I hold because I cannot hold

(paradoxes and all the meanings of hold)

and a great last line – limerence

“that desire can make anything into a God.”

 

 

 

The Tower

poetry, the-tower

Months ago I consulted the Tarot to help me determine what my next writing project ought to be.  I pulled the Tower. This is a frightening card.  It is a card of rupture and disruption. The interpretation that resonated with me, was that I should write about something that will forever change my life -that will provide a rupture. So I started working on a chapbook on eros and as it manifested in a particular period of my life.

I have transcribed all my journals, poems, and notecards related to this project into a Scrivner document and I’m now editing.

I feel like a painter and having just laid down the underwash of ultramarine blue I am now ready to mix my paints.

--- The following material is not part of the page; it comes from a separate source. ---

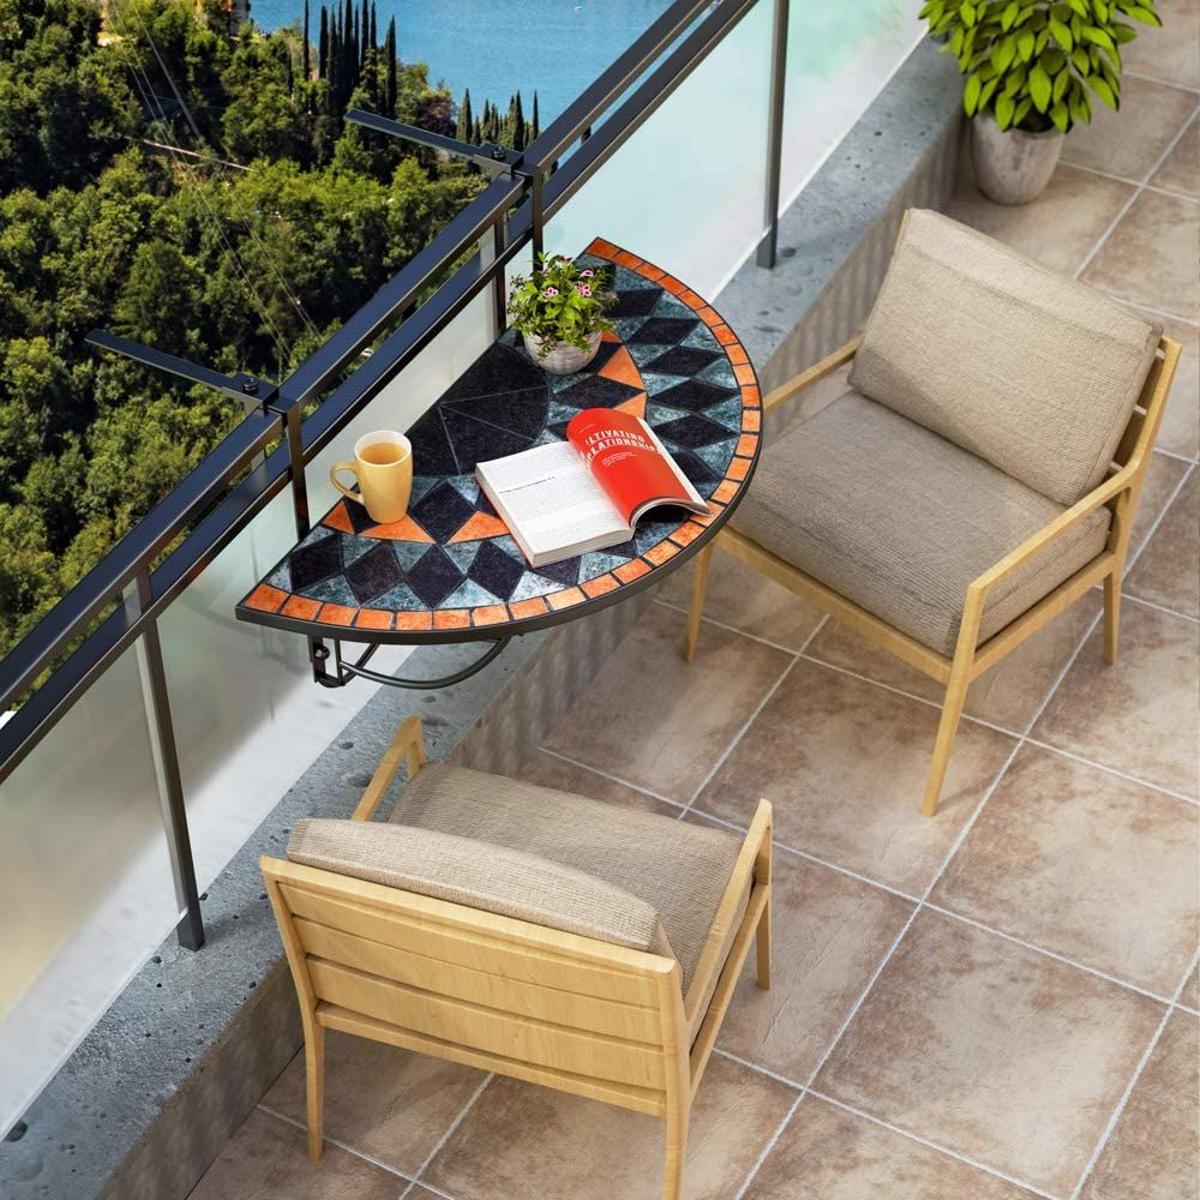 Conjuntos de sillas y mesa para balcones o terrazas pequeñas
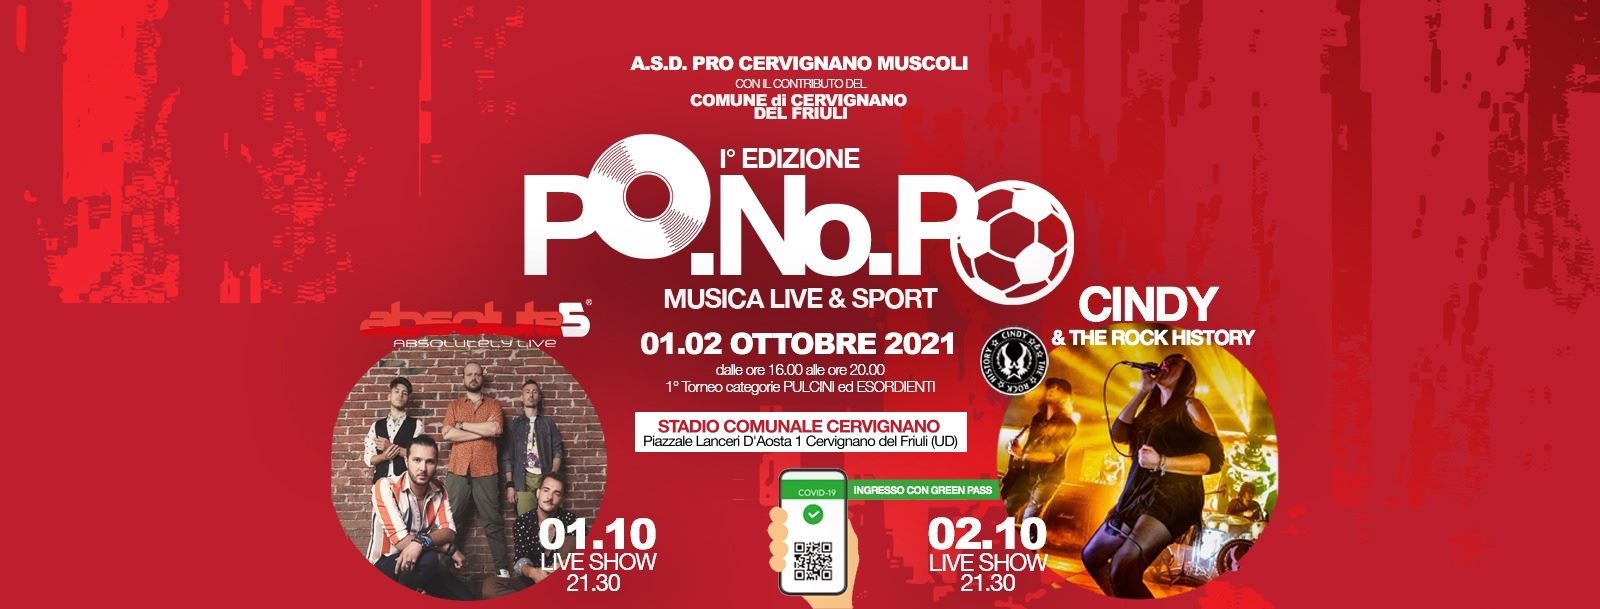 PO.NO.PO - Musica live & Sport - STADIO COMUNALE CERVIGNANO - EventiFVG.it

I have a few aesthetic goals here. First my experience of poetry is as world building, it is the rupture that creates or elucidates a new experience that other people can share and inhabit.  What do I value in poetry, and in my particular project on eros?

I identified

rhythm to create the topology of the world

metaphor as a method of creating new contexts and perspectives

language as a way to introduce surprise and to create new languages

lineage (not the perfect term) as a way to situate this piece as a dialogue with other creative works

There are many other things I could include here such as ideas, inventiveness, multimedia, and so forth but these 4 items are what I am focusing on. Truly focus on 1 would be enough.

As I am working through my material I am coming up with different processes (the scaffolding, jigs or apparatus) to help refine the work in each of these areas. This is coming in the form of traditional writing exercises, but also in the guise of creating computer program, and musical pieces. What other scaffolding can I use? Perhaps games or dance!  Part of my experience in writing this chap book is the process through which I am refining the material into a finished piece and what that means.  This is alchemy, a personal process as well as an external process.

Aside from the scaffolding, I am also reading a ton of poetry with an eye for these 4 aspects: rhythm, metaphor, language, lineage.   The first poet I took a deep dive was Lisa Roberson and I will probably write more about her in a future post.